In [None]:
import requests
api_key = 'XXXX'
import csv
from time import sleep
from random import randint
import pandas as pd
import numpy as np
from ydata_profiling import ProfileReport
import time

In [None]:
# Define the range of pages to fetch data from and lists to store it
top_rated_movies_data = []
num_pages = 100
release_date_list = []
type_list = []

In [None]:
#Function to enter TMDB and fetch data about film from Top Rated list
for page in range(1, num_pages + 1):

    print(f"Entering page {page}")
        
    base_url = f'https://api.themoviedb.org/3/movie/top_rated?api_key={api_key}&language=en-US&page={page}'
    url = 'https://api.themoviedb.org/3'

    response = requests.get(base_url)
    if response.status_code == 200:
        time.sleep(2)        
        top_rated_movies = response.json()['results']
        #Get Movie ID
        for movie in top_rated_movies:
            movie_id = movie['id']
            title = movie['title']
             # Make an additional API request to get the movie's release date in US and save films only from specified date range
            release_date_endpoint = f'/movie/{movie_id}/release_dates'
            release_date_params = {'api_key': api_key}
            release_date_response = requests.get(url + release_date_endpoint, params=release_date_params)
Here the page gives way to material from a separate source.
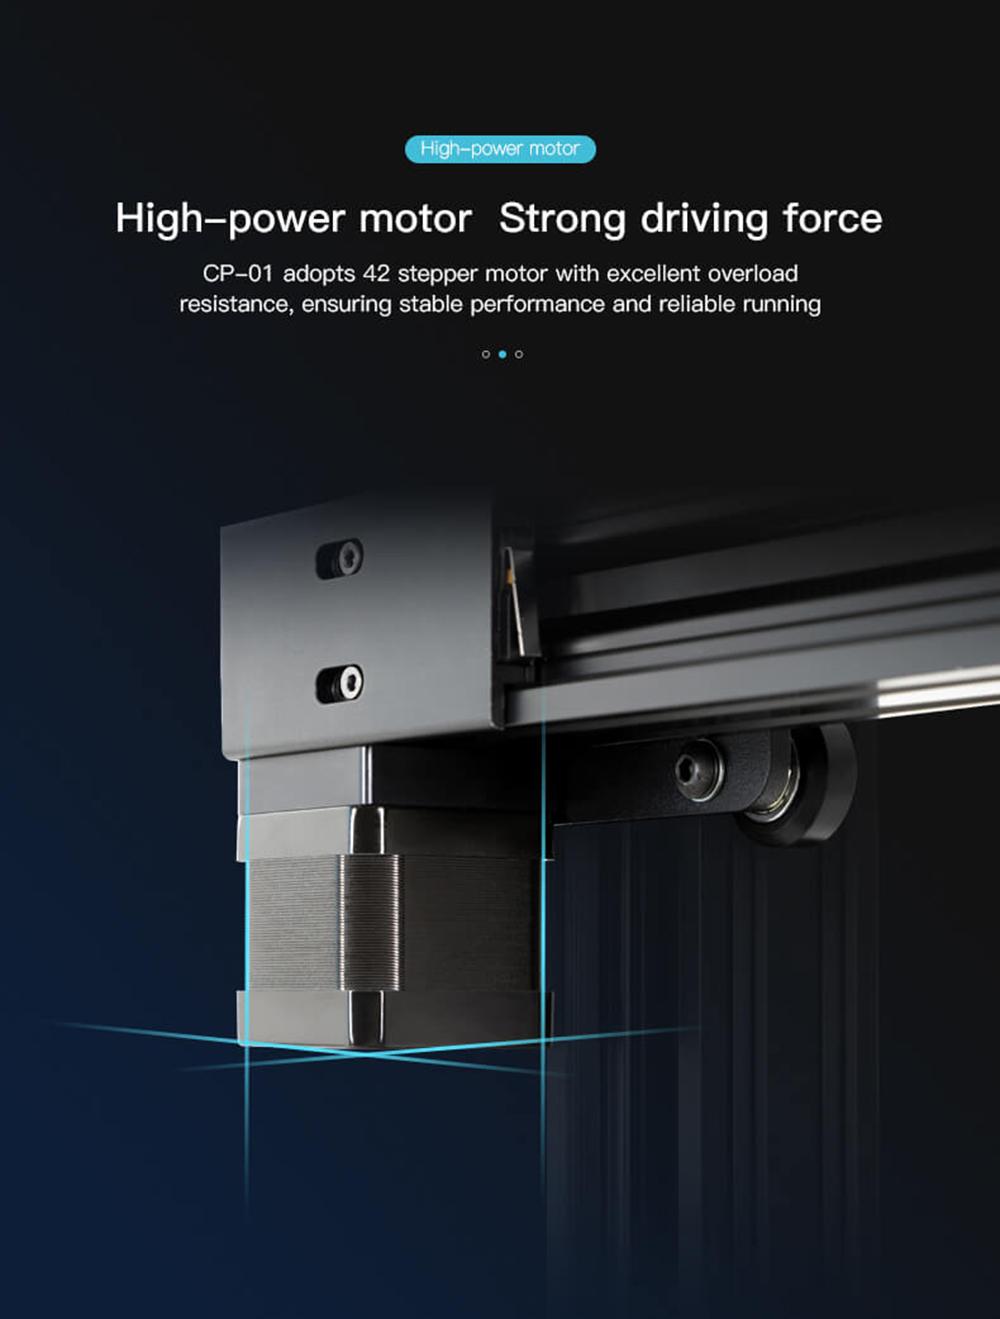 Creality3D CP-01 Multitool 3D-Drucker Bausatz - 200x200x200mm - Hochleistungs-Schrittmotoren

            if release_date_response.status_code == 200:
                    release_data = release_date_response.json()
                    desired_country_code = 'US'  
                    selected_release_info = None
                    for entry in release_data['results']:
                        if 'iso_3166_1' in entry and entry['iso_3166_1'] == desired_country_code:
                            selected_release_info = {
                                'release_date': entry['release_dates'][0]['release_date'],
                                'type': entry['release_dates'][0]['type']
                            }
                            break  

                    if selected_release_info:
                        release_date = selected_release_info['release_date']
                        release_year = int(release_date.split('-')[0])
                        if not (2000 <= release_year <= 2022):

                            continue  
                        else:
                            release_date_list.append(selected_release_info['release_date'])
                            type_list.append(selected_release_info['type'])
                    else:
                        release_date_list.append('0000-00-00T00:00:00.000Z')
                        type_list.append('N/A')
            details_endpoint = f'/movie/{movie_id}'            
            details_params = {'api_key': api_key}
            details_response = requests.get(url + details_endpoint, params=details_params)
            #Fetch data available on main page of a movie
            if details_response.status_code == 200:
                movie_details = details_response.json()
                revenue = movie_details.get('revenue', 'n/a')
                budget = movie_details.get('budget','n/a')
                runtime = movie_details.get('runtime','n/a')
                genres = movie_details.get('genres','n/a')
                genre_1 = genres[0]['name']
                if len(genres) > 1:
                    genre_2 = genres[1]['name']
                else:
                    genre_2 = 'n/a'
                vote_average = movie_details.get('vote_average','n/a')
                vote_count = movie_details.get('vote_count', 'n/a')
                production_countries = movie_details.get('production_countries','n/a')
                spoken_languages = movie_details.get('spoken_languages','n/a')
                imdb_id = movie_details.get('imdb_id','n/a')
                keywords_endpoint = f'/movie/{movie_id}/keywords'
                keywords_params = {'api_key': api_key}
                keywords_response = requests.get(url + keywords_endpoint, params=keywords_params)
                #Select 5 most important keywords
                if keywords_response.status_code == 200:
                    keywords_data = keywords_response.json()
                    keywords = [keyword['name'] for keyword in keywords_data['keywords'][:5]]
                else:
                    print(f"Failed to retrieve keywords for movie {movie_id}. Status Code: {keywords_response.status_code}")
                #Find ID of a movie in IMDB to tie it with other databases
                imdb_endpoint = f'/movie/{movie_id}/external_ids'
                imdb_params = {'api_key': api_key}
                imdb_response = requests.get(url + imdb_endpoint, params=imdb_params)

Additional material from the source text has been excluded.